Il me semble que cette épouse ne luttait plus guère pour se dominer, ce que laissait supposer la réflexion du mari : « Quand il n’y a pas de visite, elle est toujours comme ça. » Je crois volontiers qu’après un temps de rude combat, de supplications et de doutes, elle s’était abandonnée au Seigneur et avait reçu en retour la grâce mentionnée plus haut, celle de vivre sereinement dans un si douloureux état. Ainsi délivrée, guérie en quelque sorte, elle ne souhaitait pas l’autre guérison que lui proposaient des frères compatissants et bien intentionnés.
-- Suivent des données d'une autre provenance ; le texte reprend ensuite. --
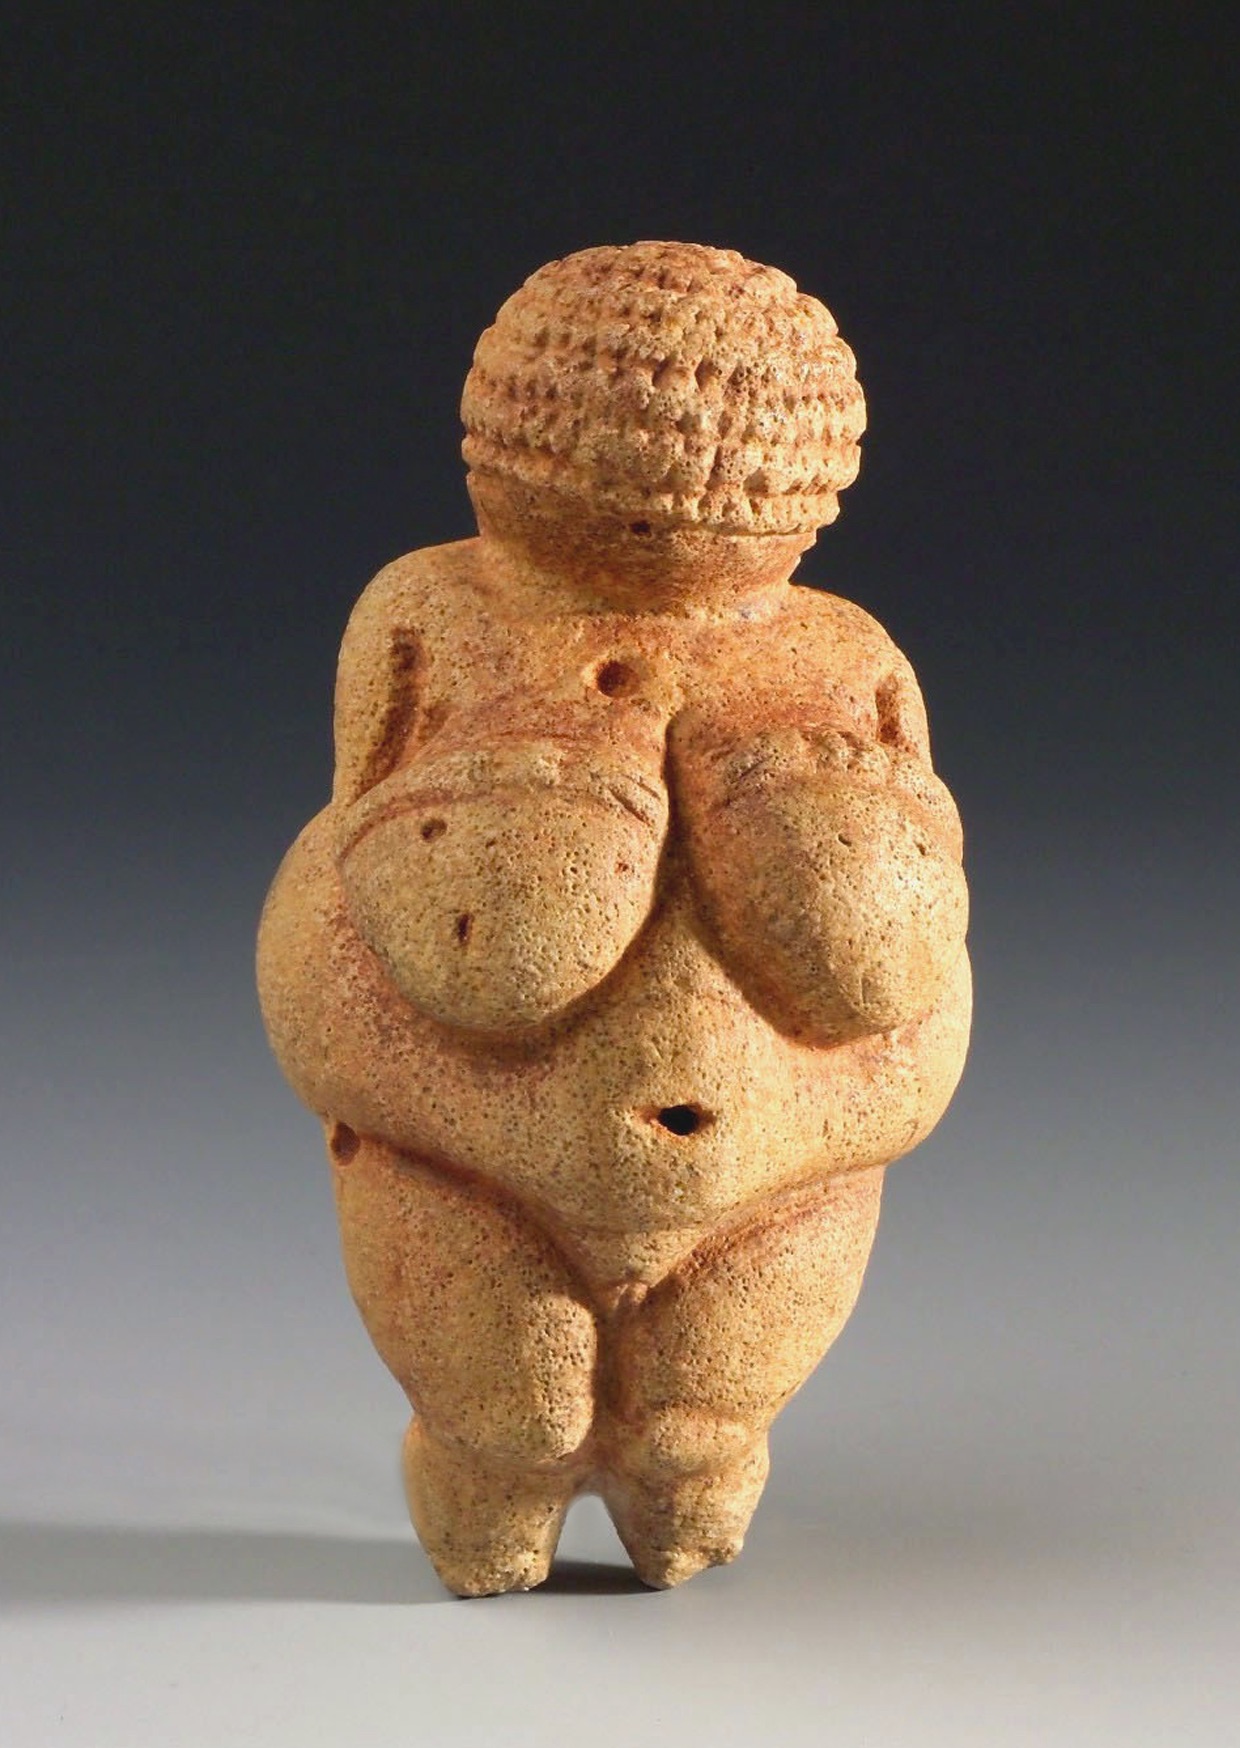 Willendorf'un Venüsü by Bilinmeyen Sanatçı - 30,000 BCE - 11.1 cm

Que conclure de cela ? Que Dieu répond toujours à la prière de la foi, et qu’il faut être assez simple pour s’approcher librement du Père en lui faisant connaître nos besoins quels qu’ils soient, avec pleine assurance (Hébreux 4.16). Personne, en effet, n’a en lui-même toute la force de caractère pour traverser victorieusement une grande épreuve. Les affirmations et les résolutions que nous formulons quand tout va bien sont loin de suffire quand les douleurs sont intenables et ne nous lâchent pas. Nous avons tous besoin de recevoir de Dieu une bonne dose de sa patience, “la grâce suffisante” pour demeurer paisible et soumis dans ces rudes moments. Quant aux chrétiens bien portants, qu’ils ne se contentent pas de prodiguer de pieux conseils à ceux qui sont réellement éprouvés ! Il vaut mieux les conduire à Jésus et les encourager à demander une délivrance à Celui qui tient ses promesses. Naturellement, ce qui est dit ici au sujet de la souffrance physique est valable pour toute épreuve, quelle qu’elle soit. Grâce à Dieu, il est même possible de les regarder toutes comme un sujet de joie complète (relisez Jacques 1.2).
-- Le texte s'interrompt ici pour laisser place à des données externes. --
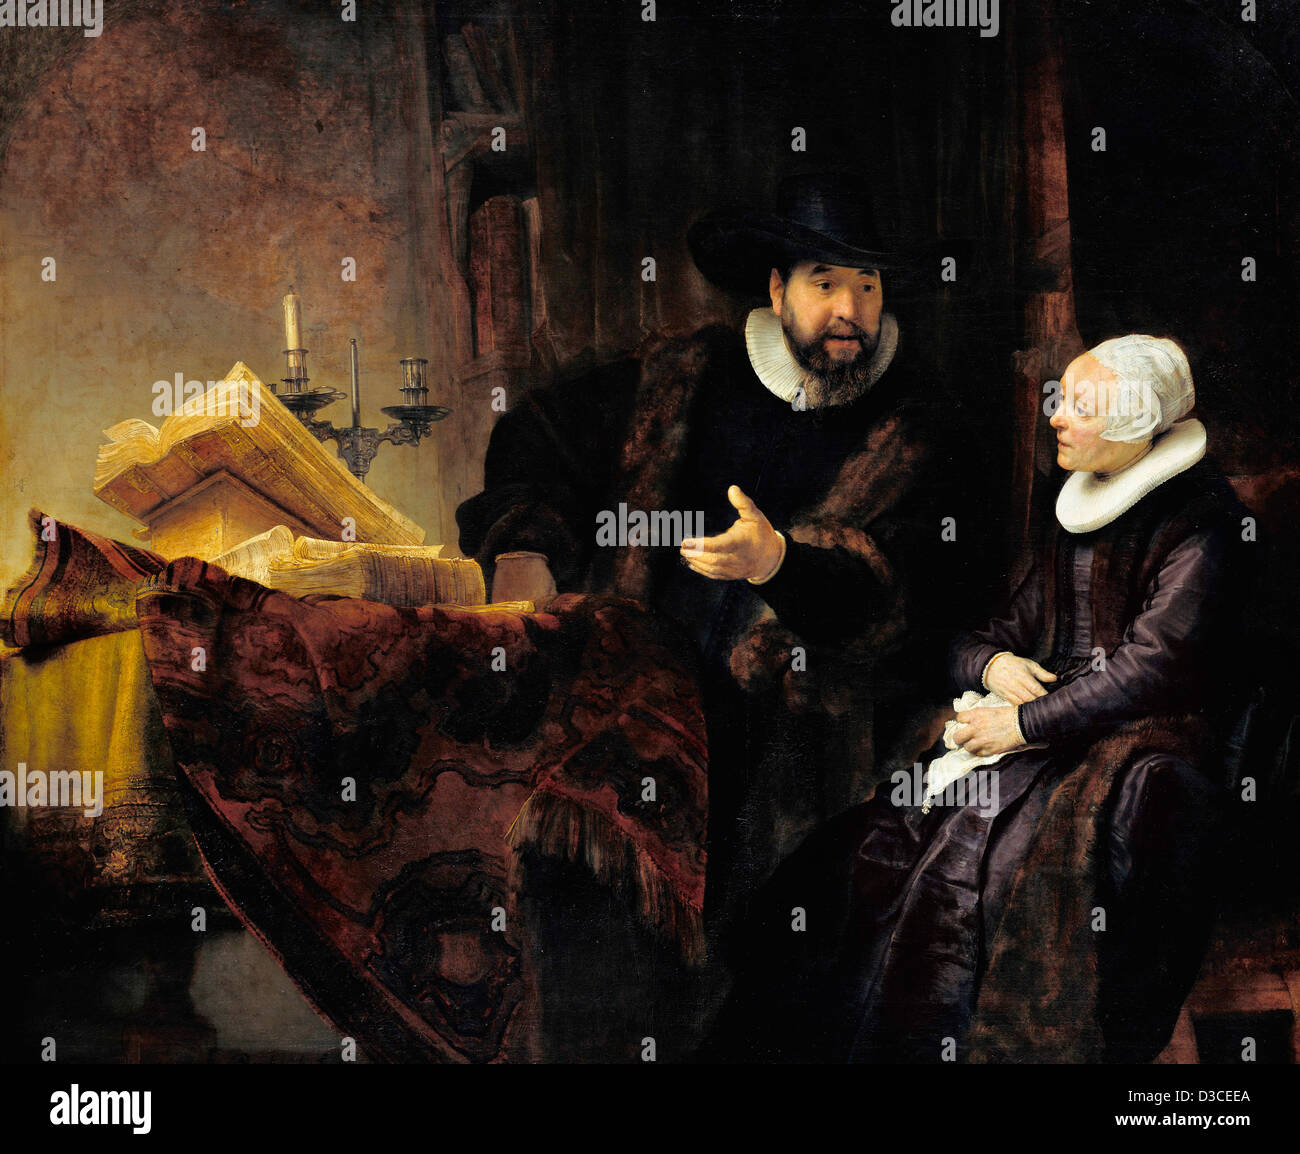 Rembrandt van Rijn, die Mennonitische Prediger Anbetung und seine Frau. 1641 Öl auf Leinwand. Barocke. Gemäldegalerie, Berlin. Stockfoto

À la fin d’un tel chapitre, des questions ne manqueront pas de se poser à certains de nos lecteurs. Par exemple, celles-ci : Comment Dieu a-t-il parlé à l’apôtre Paul ? Comment a-t-il en- tendu le « ma grâce te suffit » ?
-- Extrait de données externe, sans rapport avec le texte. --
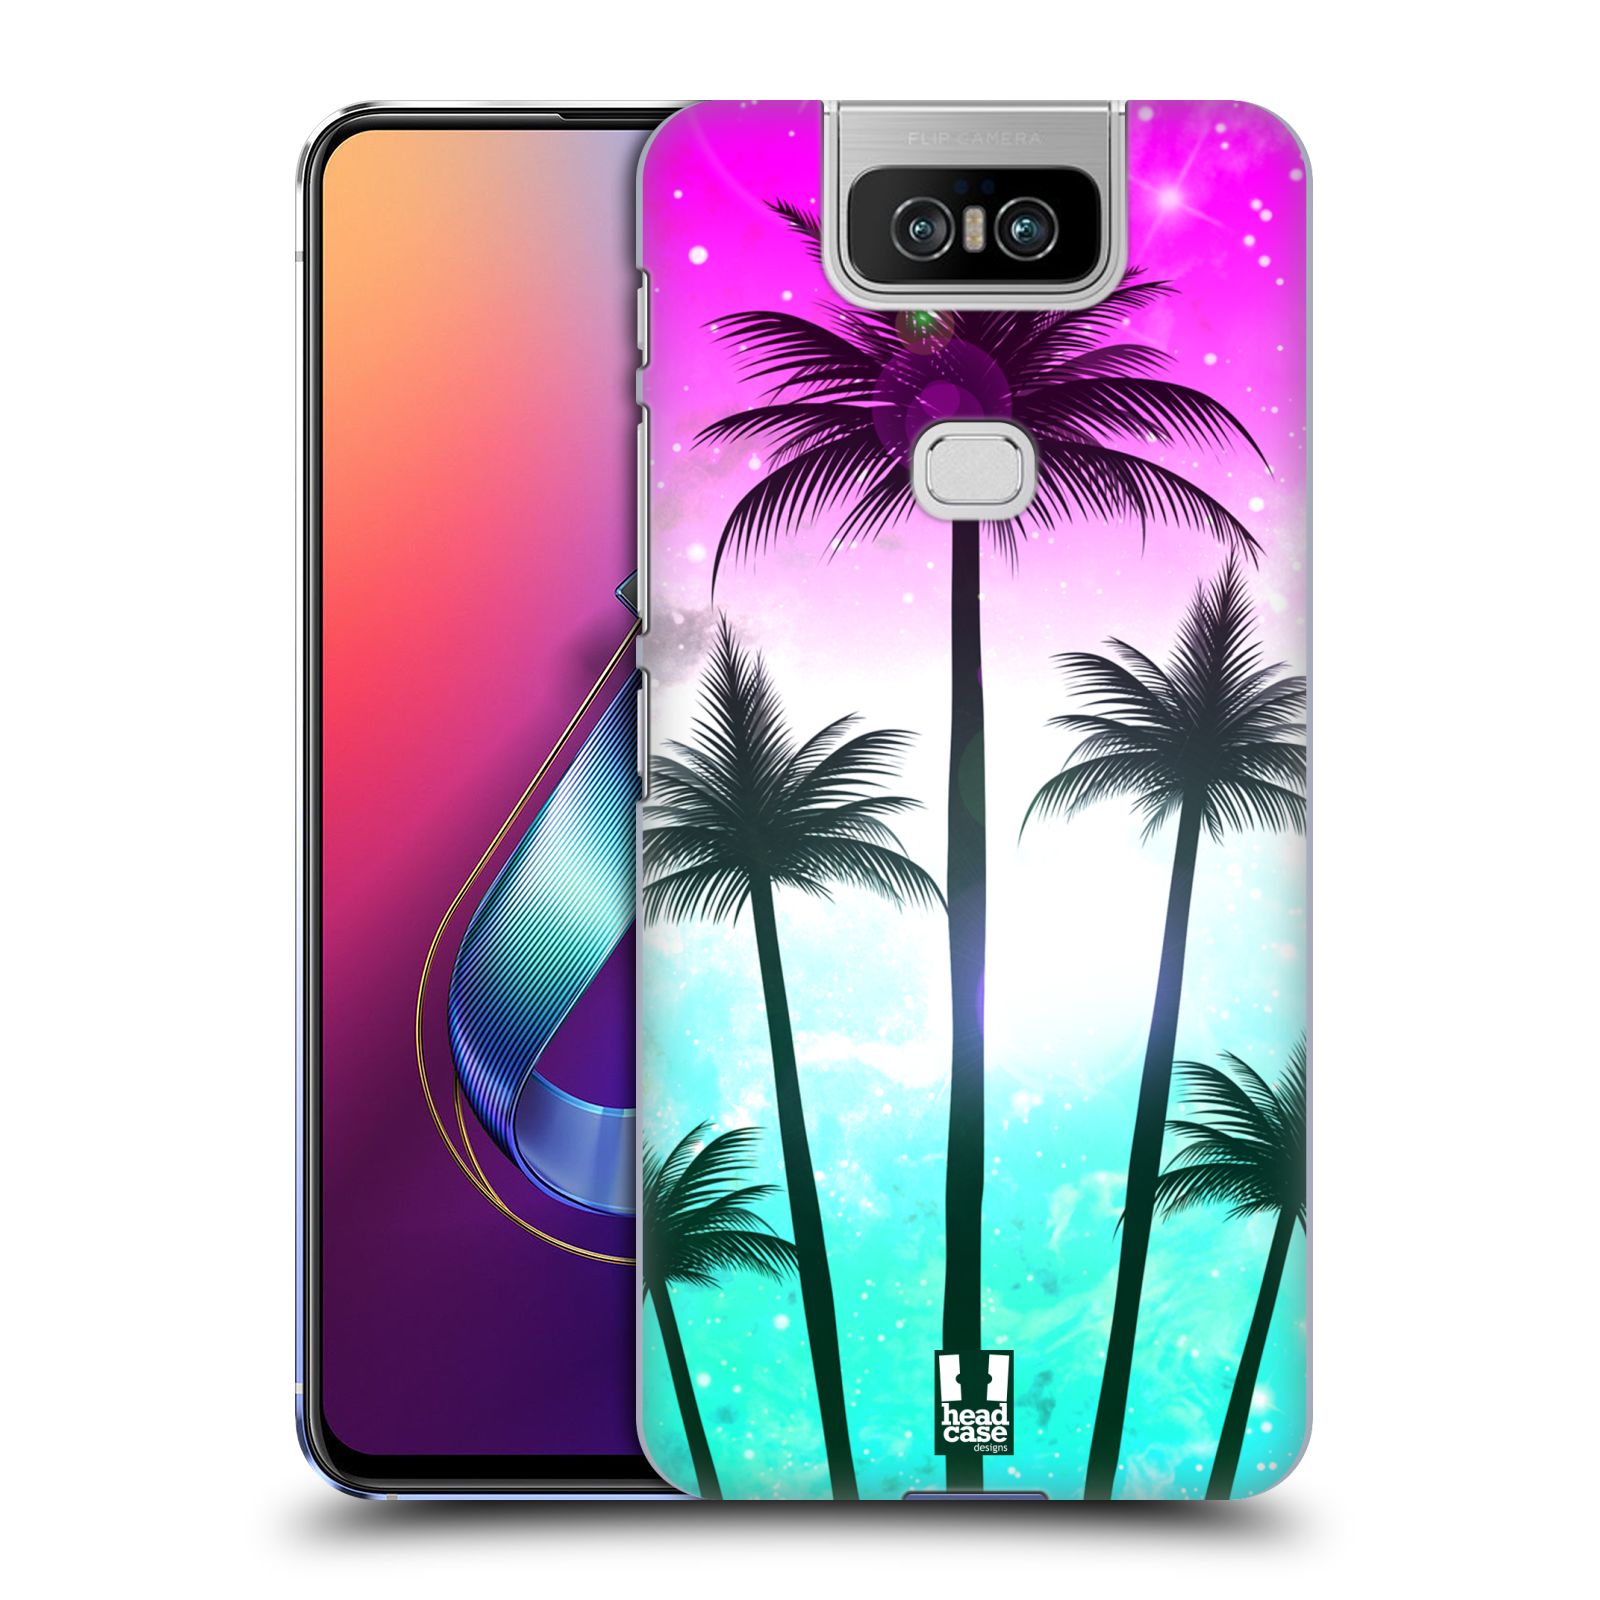 Pouzdro na mobil Asus Zenfone 6 ZS630KL - HEAD CASE - vzor Kreslený motiv silueta moře a palmy RŮŽOVÁ A TYRKYS

Honnêtement, je l’ignore. Si la Bible nous éclairait là-dessus, nous serions tentés de chercher à reproduire l’expérience qu’a vécue l’apôtre, ce qui serait une erreur et nous égarerait sûrement car Dieu parle « tantôt d’une manière et tantôt d’une autre » (Job 33.14). Le Seigneur – « selon le bon plaisir de sa volonté » – peut donner à son enfant qui l’implore, soit une conviction intérieure, soit un apaisement qui le libère ; il peut encore se servir d’une parole de l’Écriture ou d’un ami, ou de circonstances particulières pour l’éclairer. Il peut même ne rien dire du tout ou ne rien manifester. Quoi qu’il en soit, ne soyons pas dans l’inquiétude à ce sujet : Dieu sait comment rendre sa créature qui l’aime en mesure de discerner “elle-même” Sa volonté et de l’accepter, pourvu qu’elle soit déterminée à Lui obéir.